Admiralty number A4200
NGA number 4140
ARLHS number SCO-202
Managing agent Northern Lighthouse Board

Colonsay (Scottish Gaelic: Colbhasa) is an island in the Inner Hebrides of Scotland, located north of Islay and south of Mull. The ancestral home of Clan Macfie and the Colonsay branch of Clan MacNeil, it is in the council area of Argyll and Bute and has an area of 4,074 hectares (15.7 sq mi). Aligned on a south-west to north-east axis, it measures 8 miles (13 km) in length and reaches 3 miles (4.8 km) at its widest point.

Although Colonsay appears bare and somewhat forbidding on approach from the sea, its landscape is varied, with several sandy beaches, and a sheltered and fertile interior, unusually well-wooded for a Hebridean island. It is linked by a tidal causeway (called The Strand) to Oronsay. The highest point on the island is Carnan Eoin, 143 metres above sea level.

The Colonsay Group, which takes its name from the island, is an estimated 5,000 m thick sequence of mildly metamorphosed Neoproterozoic sedimentary rocks that also outcrop on the islands of Islay and Oronsay and the surrounding seabed. The sequence has been correlated with the Grampian Group, the oldest part of the Dalradian Supergroup.
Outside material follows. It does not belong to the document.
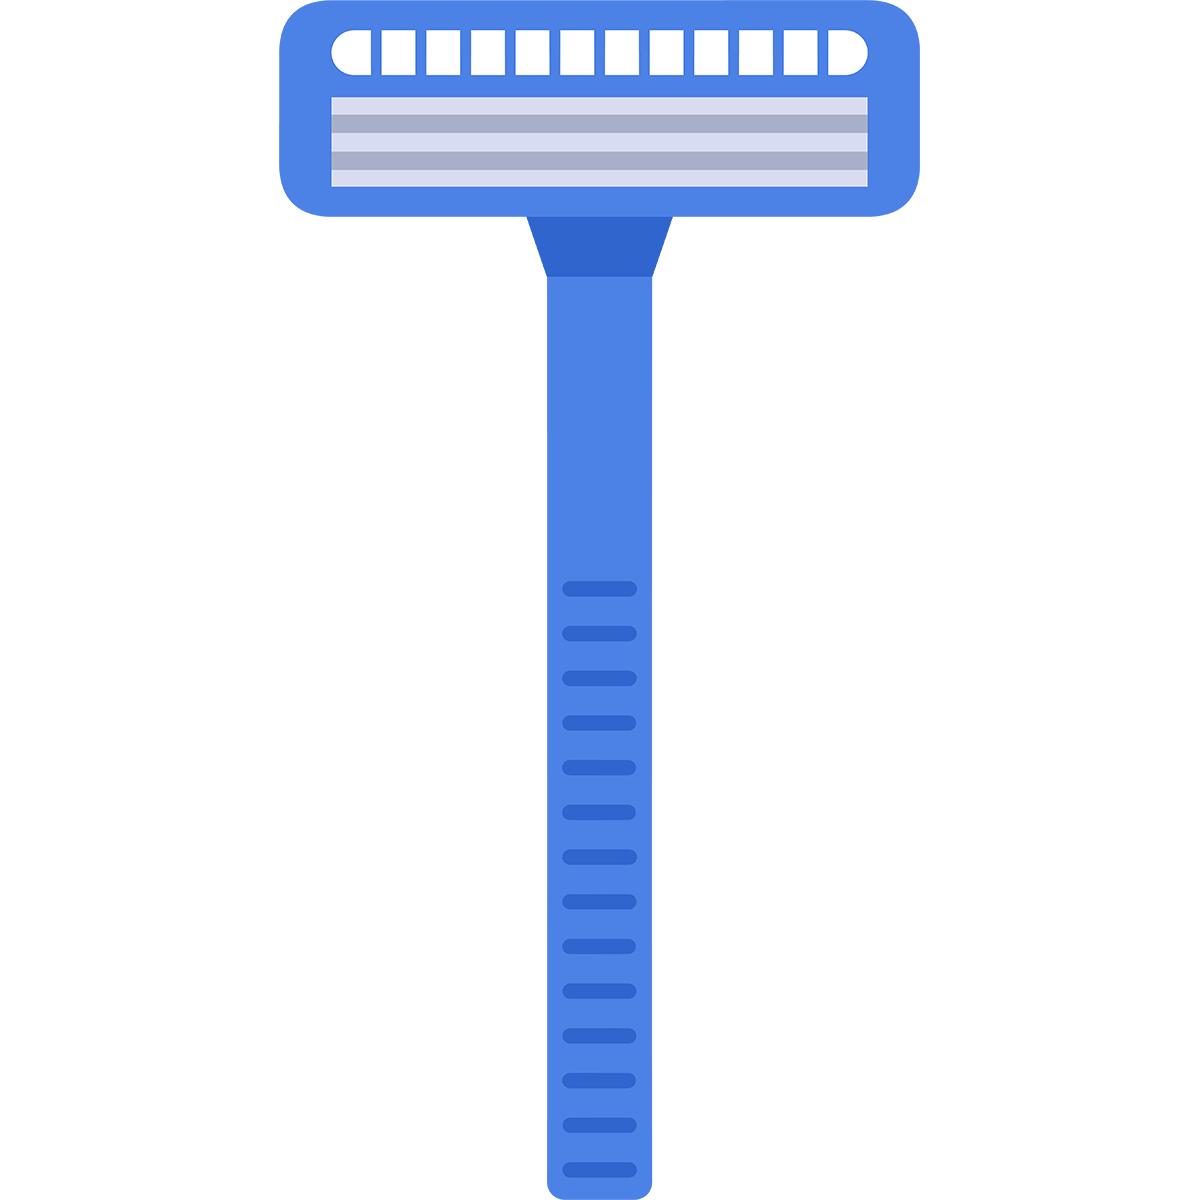 髭剃りの無料イラスト

In 1995 evidence of large-scale Mesolithic nut shelling, some 9000 years ago, was found in a midden pit at Staosnaig on the island's sheltered east coast, in a large, shallow pit full of the remains of hundreds of thousands of burned hazelnut shells. Hazelnuts have been found on other Mesolithic sites, but rarely in such quantities or concentrated in one pit. The nuts were radiocarbon dated to 7720+/-110BP, which calibrates to circa 7000 BC. Similar sites in Britain and its dependencies are known only at Farnham in Surrey and Cass ny Hawin on the Isle of Man.